Exercise description: Every picture is to be removed, and all the data is to be copied exactly.

Data below:
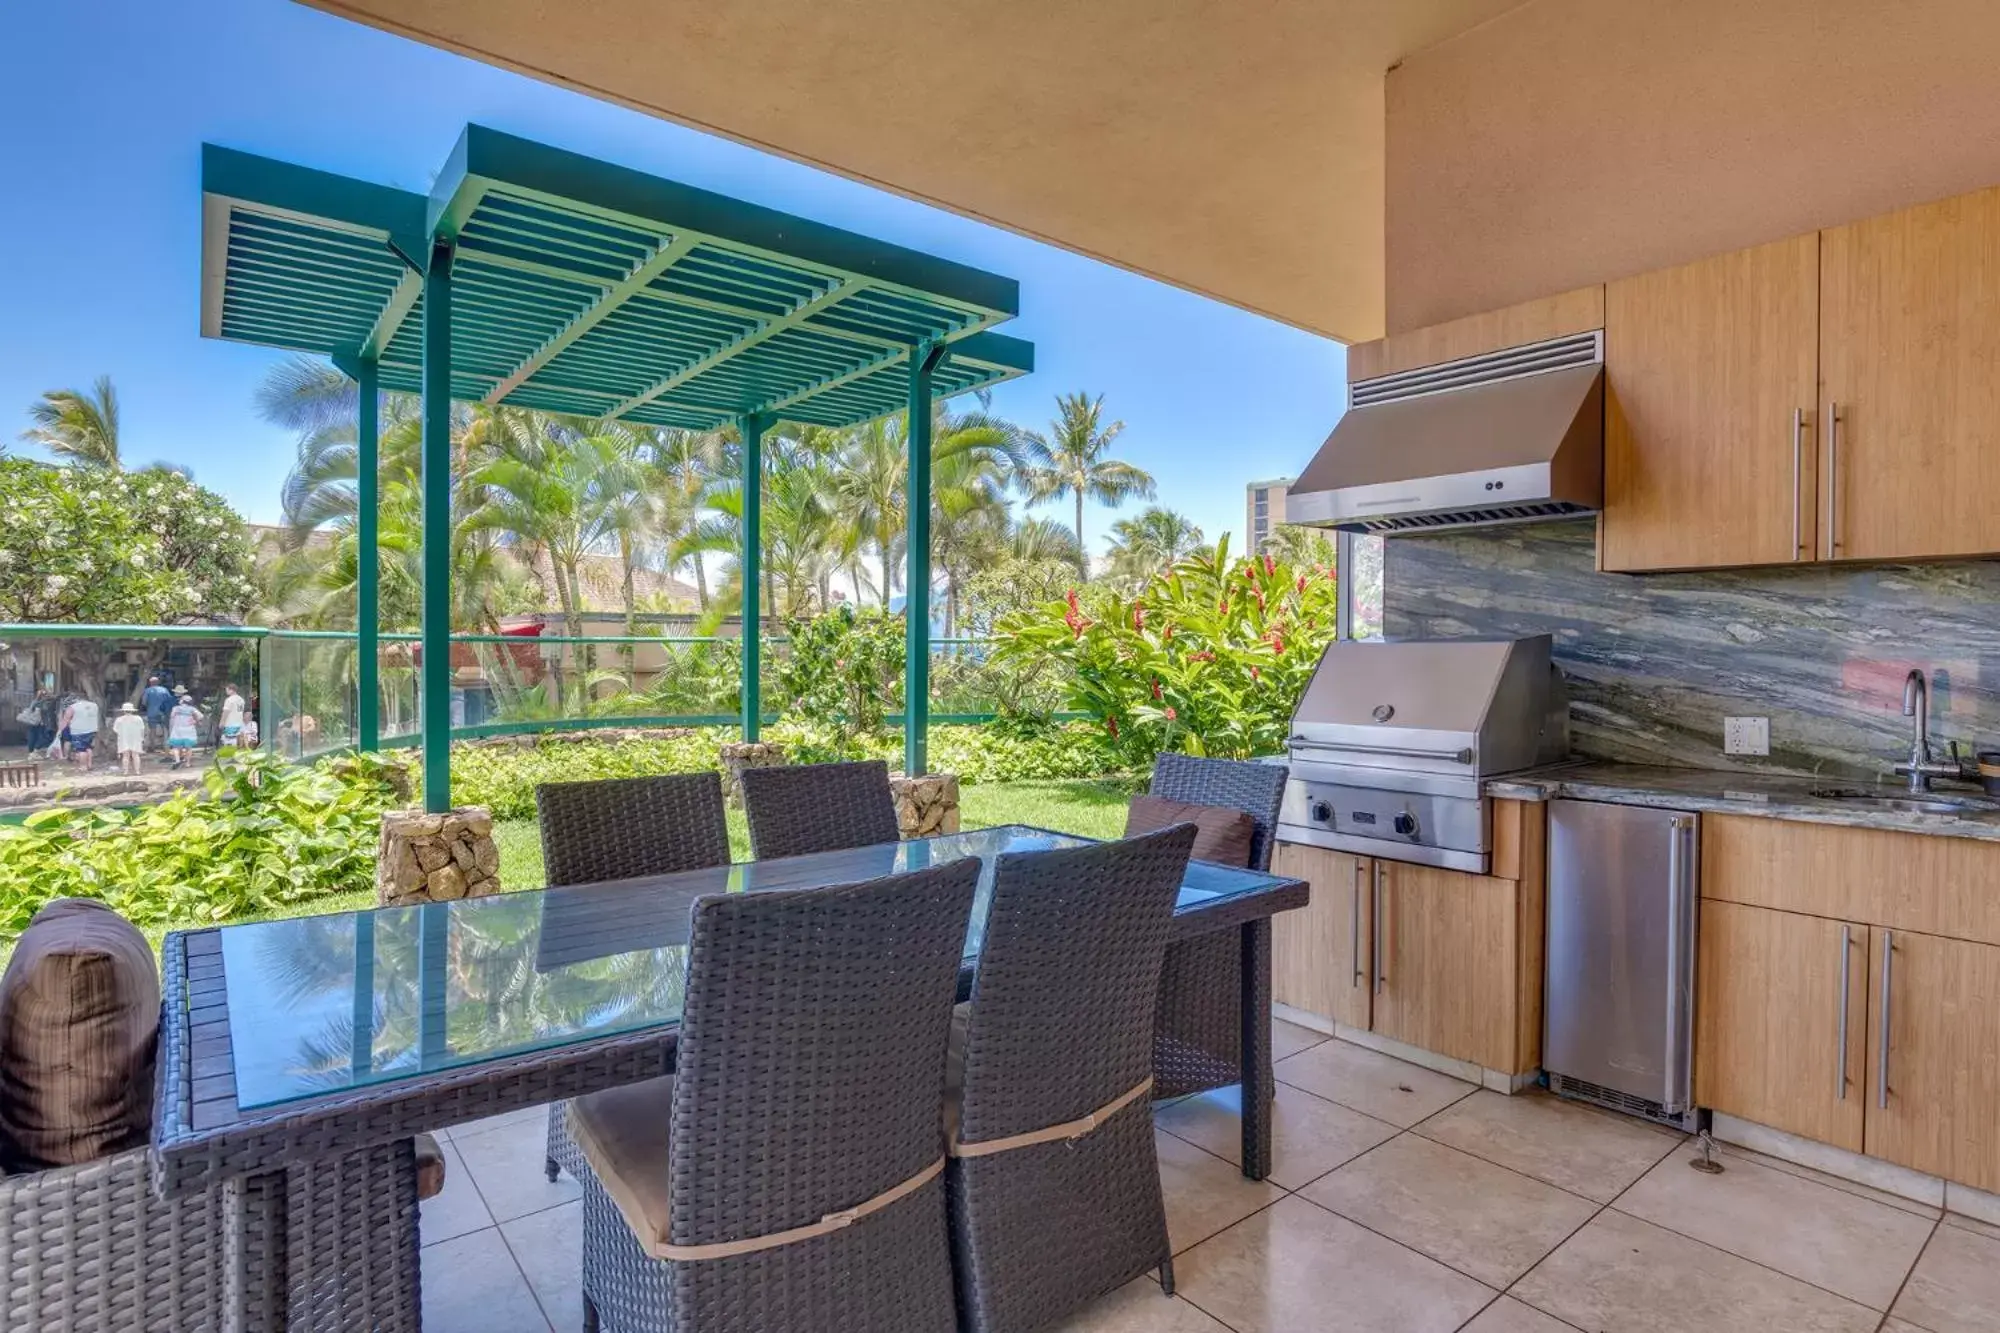 3 Bedroom 3 Bath Alii Suite in OUTRIGGER Honua Kai Resort and Spa
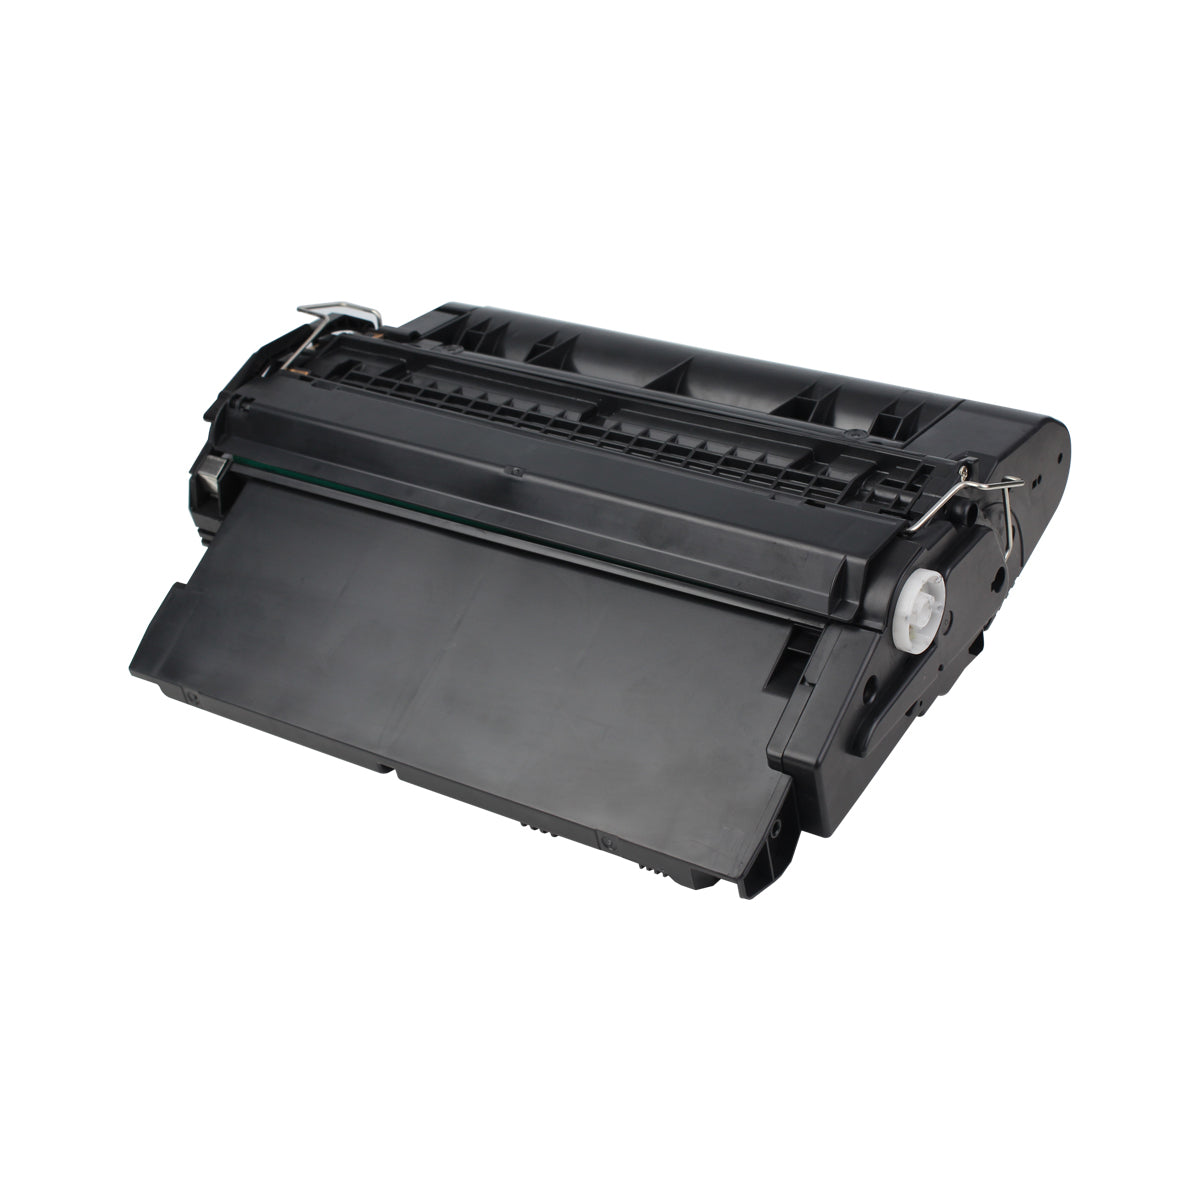 Catch Supplies Replacement HP Q5942A Standard Yield Laser Printer Tone
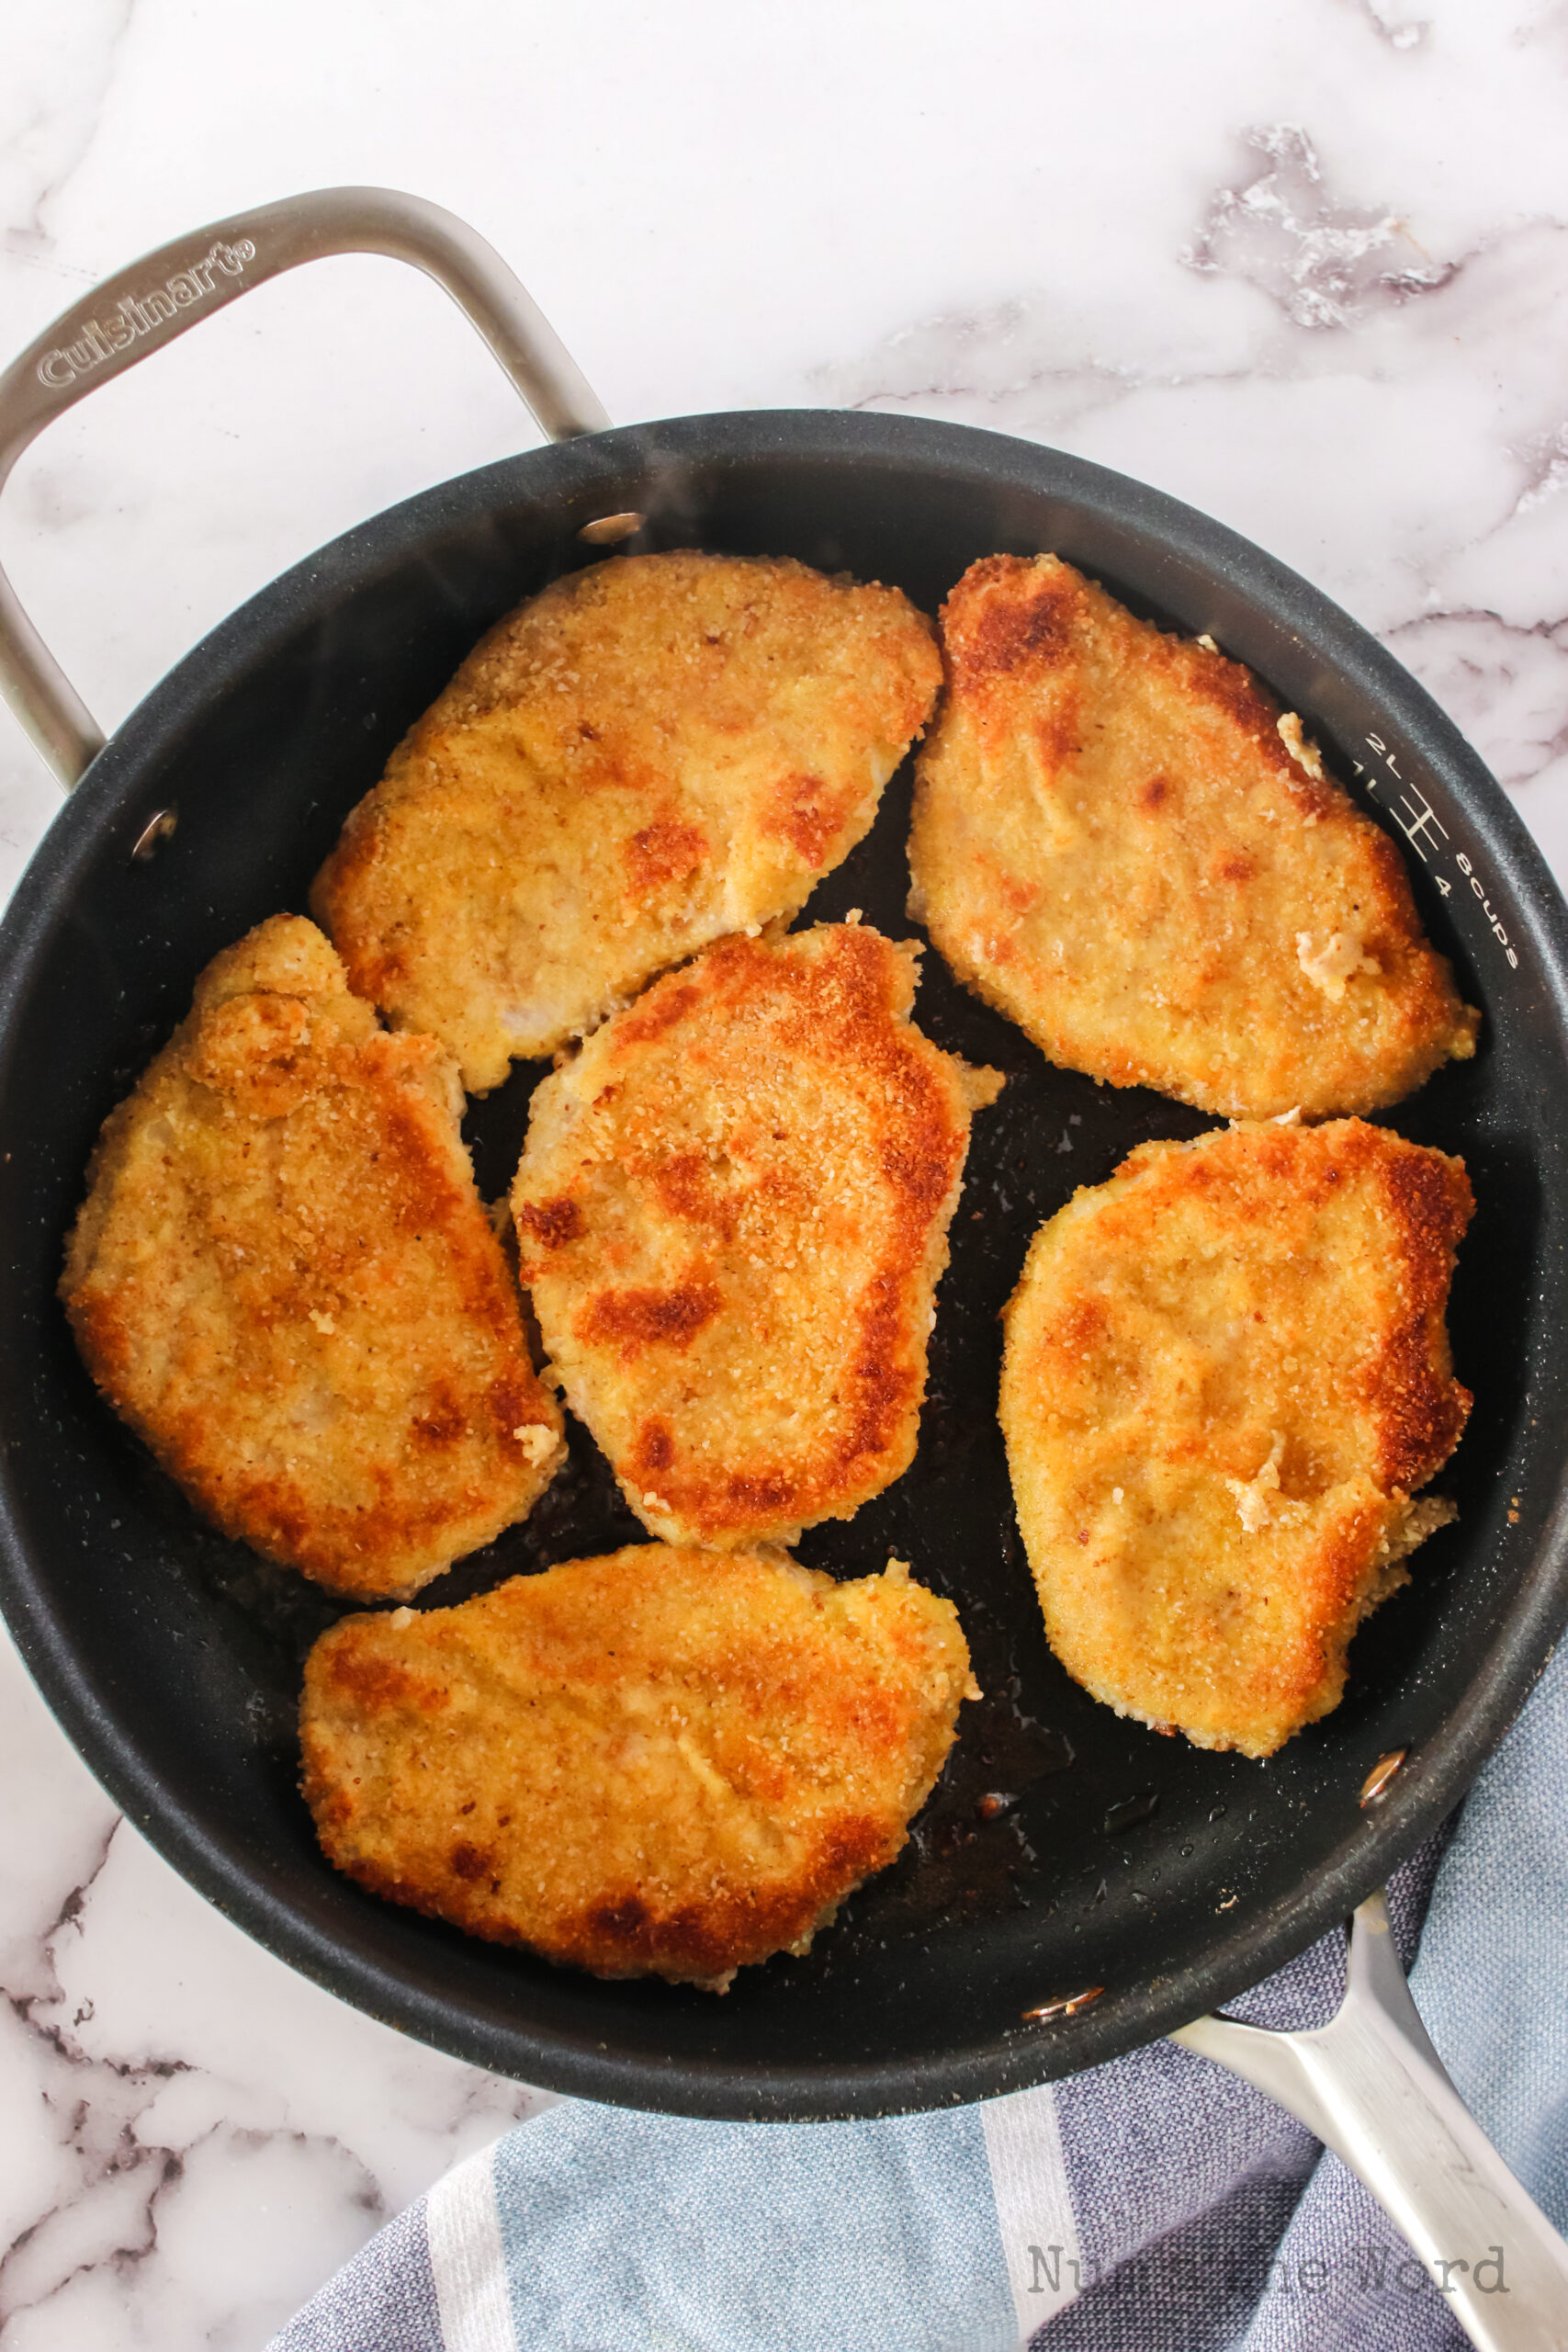 pork chops in skillet ready to fry

Response area:
 3 Bedroom 3 Bath Alii Suite in OUTRIGGER Honua Kai Resort and Spa
 Catch Supplies Replacement HP Q5942A Standard Yield Laser Printer Tone
 pork chops in skillet ready to fry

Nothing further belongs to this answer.